* [Task objective]:
Set down, unchanged, the line holding "bolsa-shopping-bag-couro-61105-v24-vermelho-3" and all lines that follow it to the end of the material, leaving pictures out.
Start of Data section
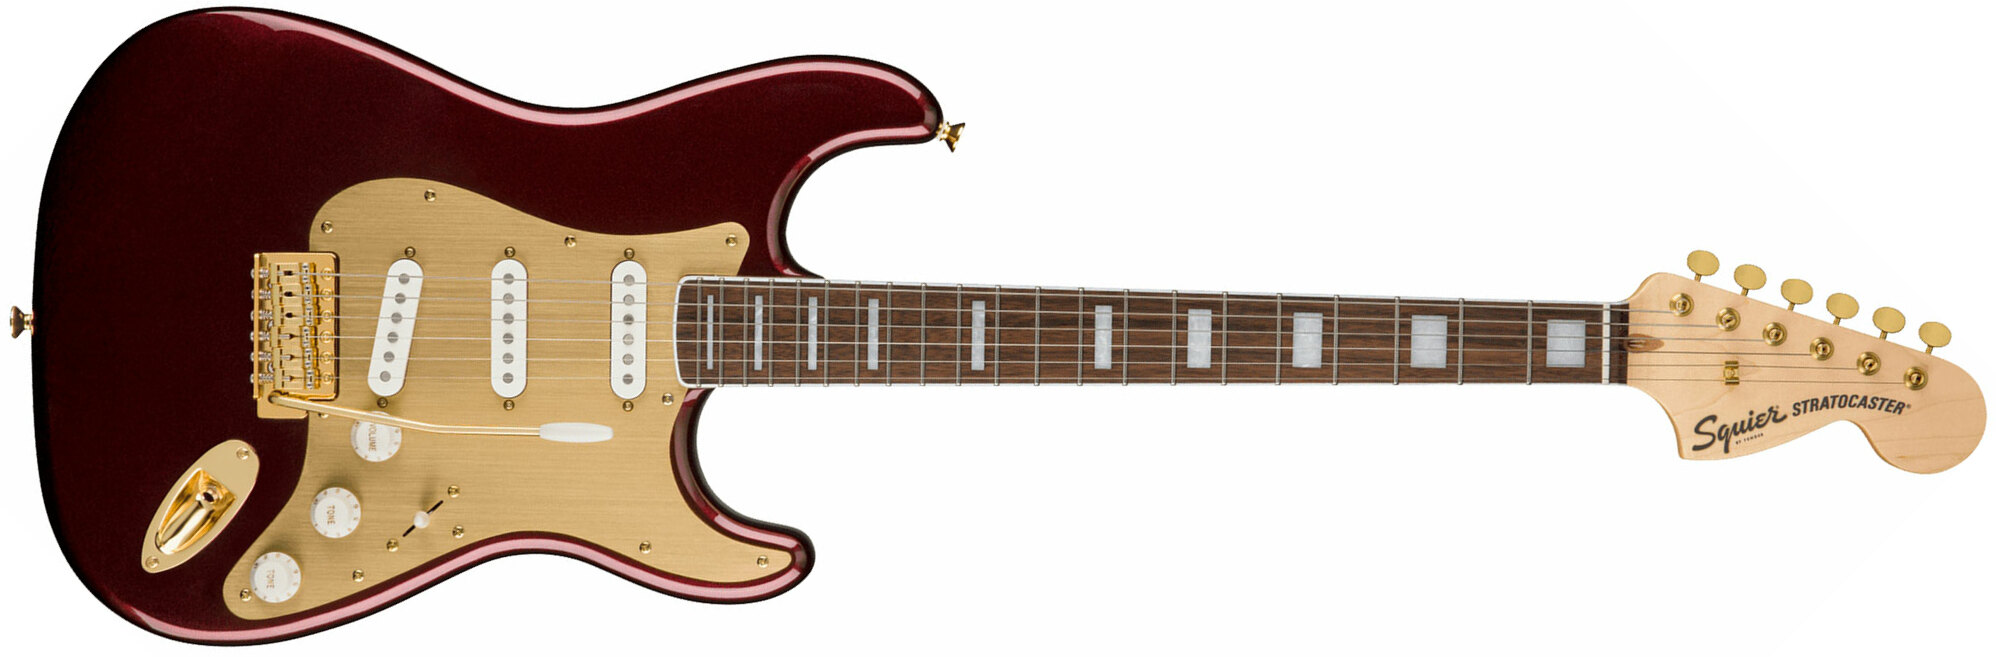 Squier Strat 40th Anniversary Gold Edition Lau - Ruby Red Metallic - Elektrische gitaar in Str-vorm - Main picture
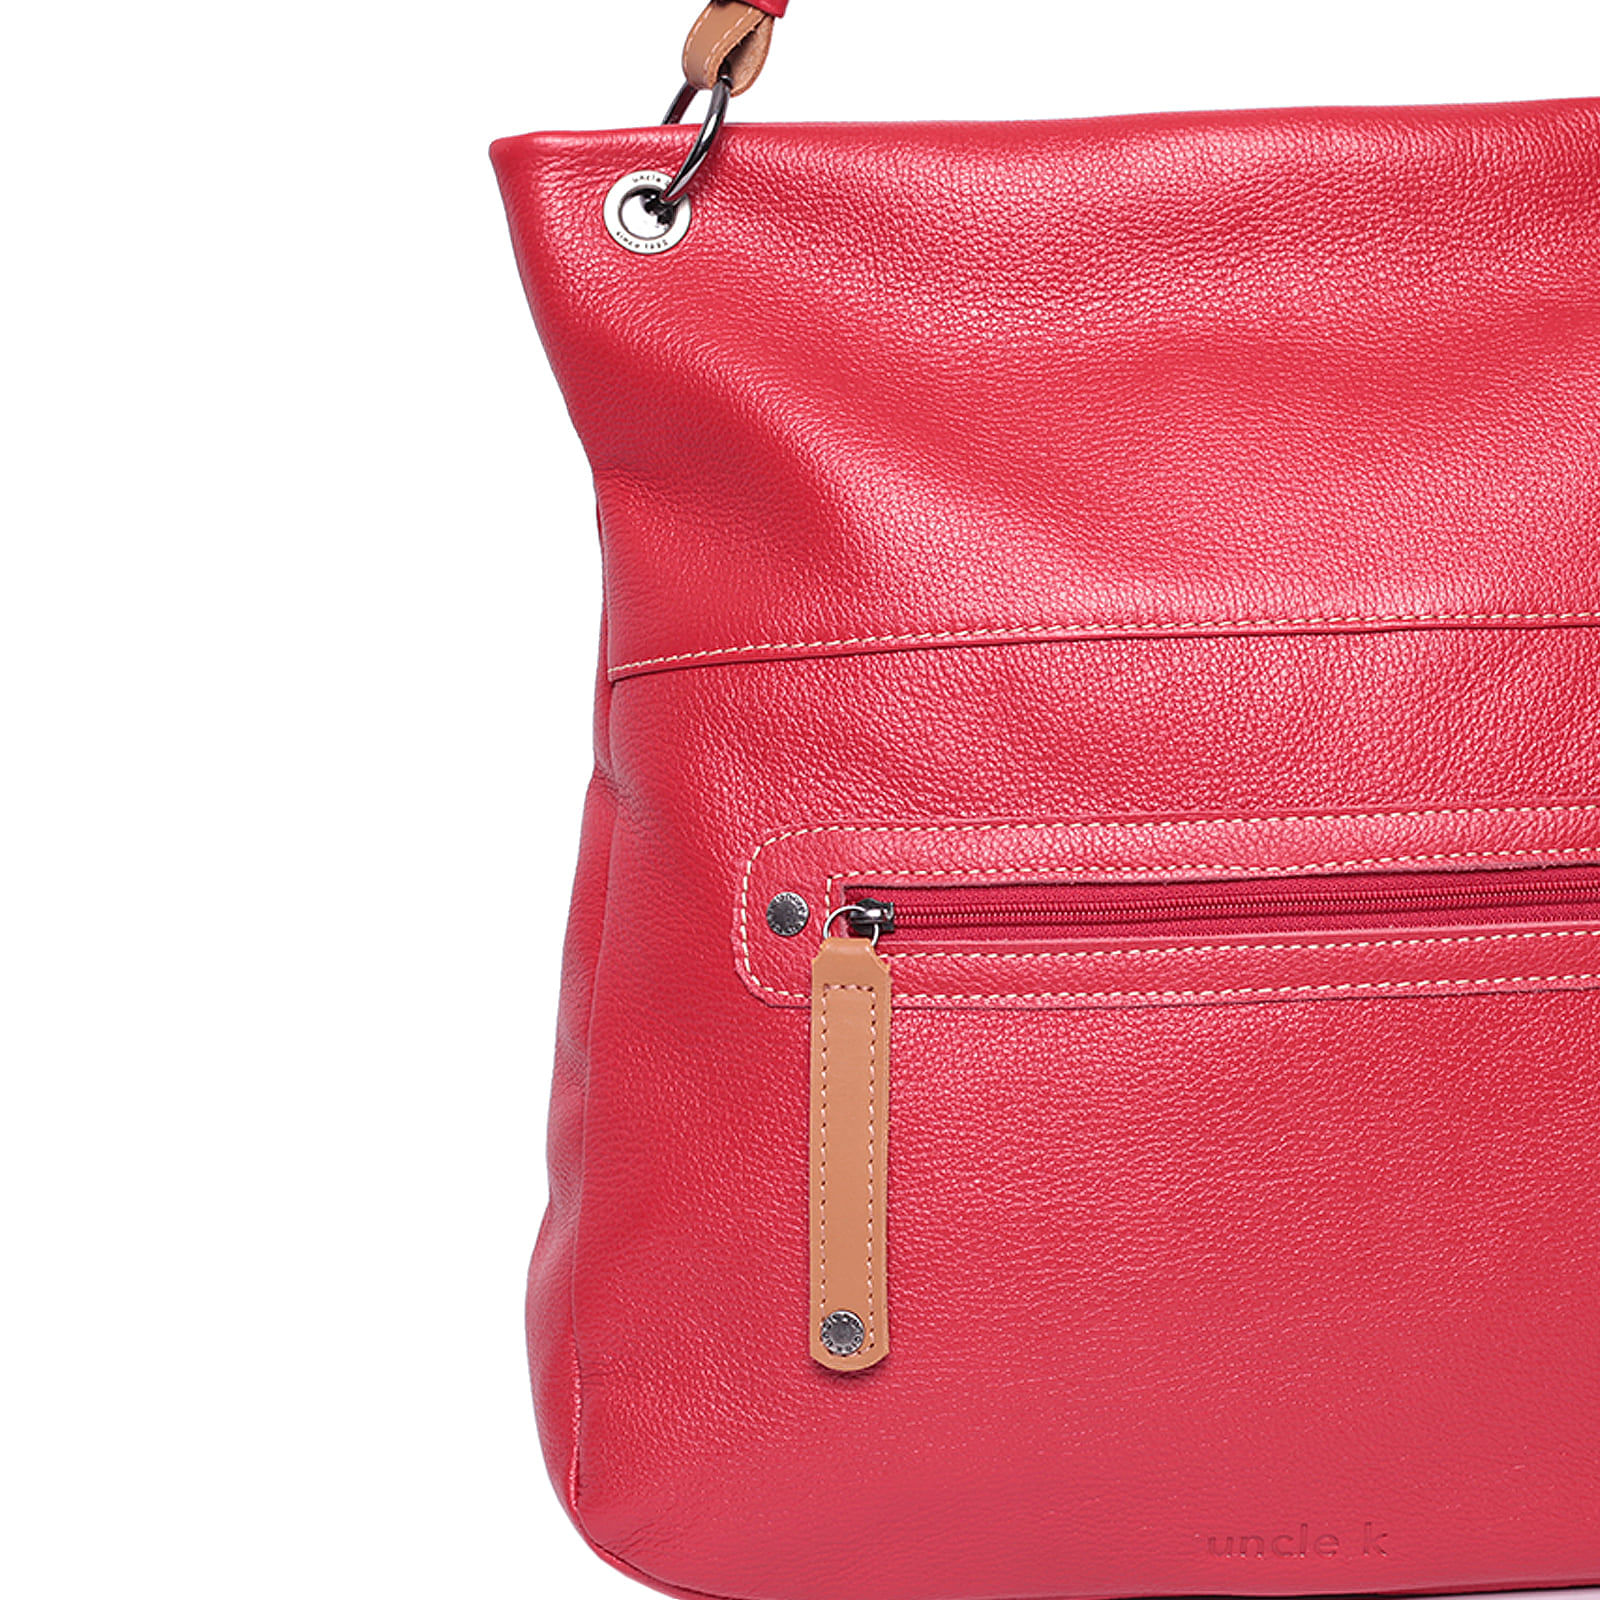 bolsa-shopping-bag-couro-61105-v24-vermelho-3
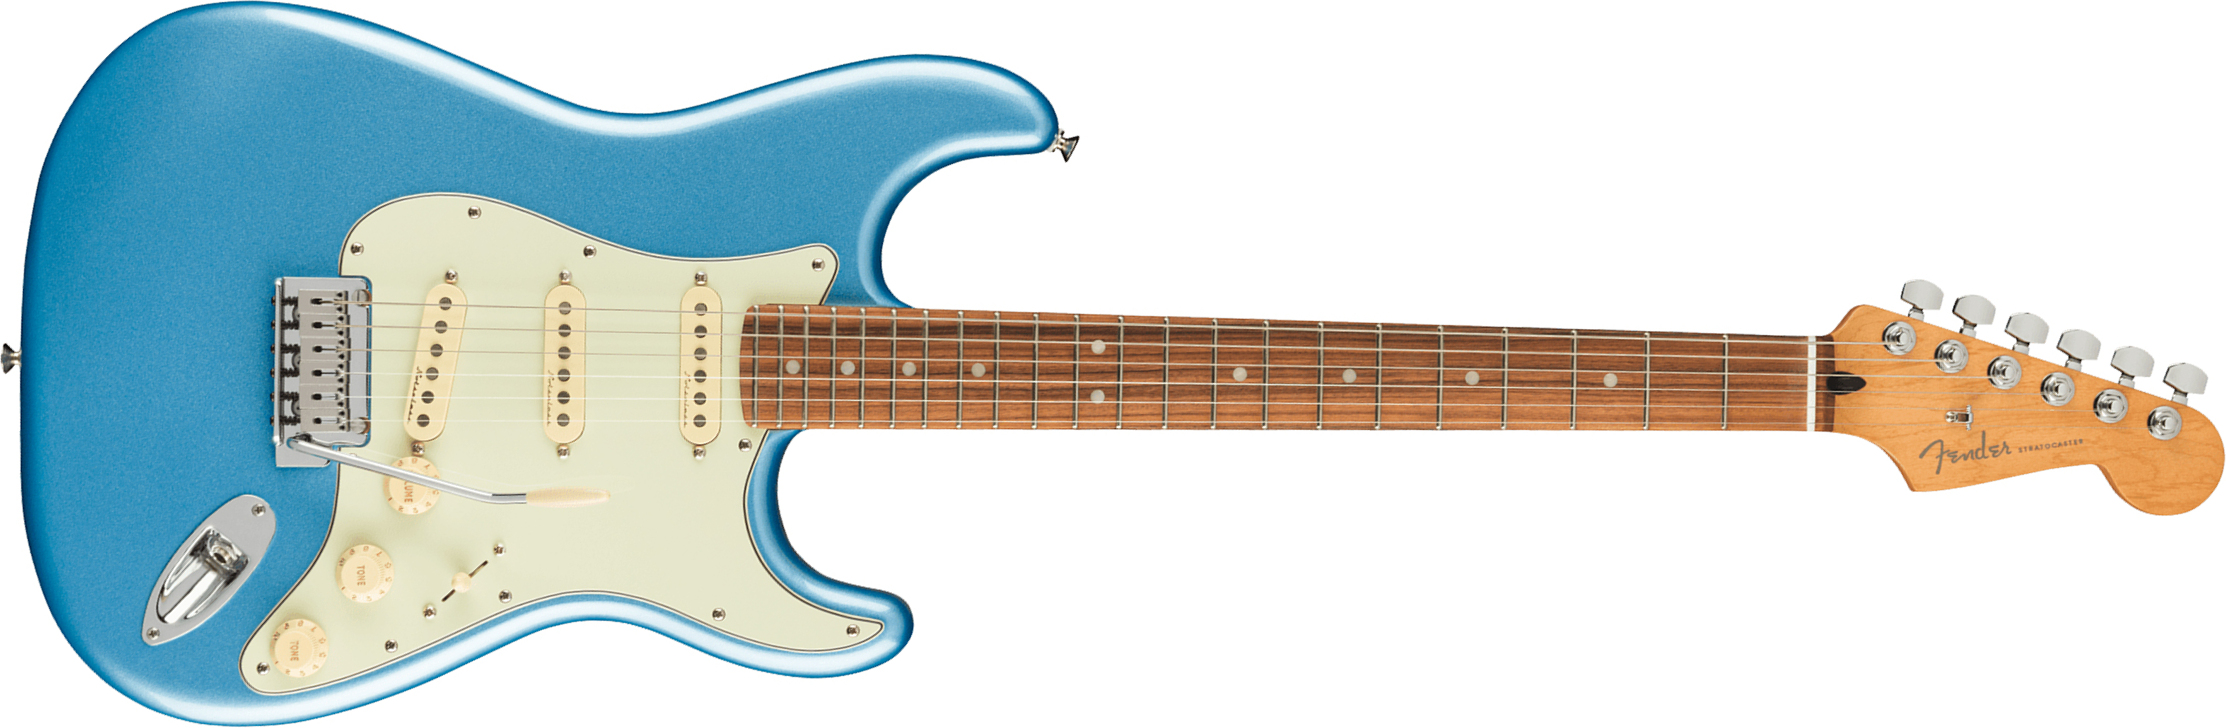 Fender Strat Player Plus Mex 3s Trem Pf - Opal Spark - Guitarra eléctrica con forma de str. - Main picture
End of Data section
* [Response box]:
 bolsa-shopping-bag-couro-61105-v24-vermelho-3
 Fender Strat Player Plus Mex 3s Trem Pf - Opal Spark - Guitarra eléctrica con forma de str. - Main picture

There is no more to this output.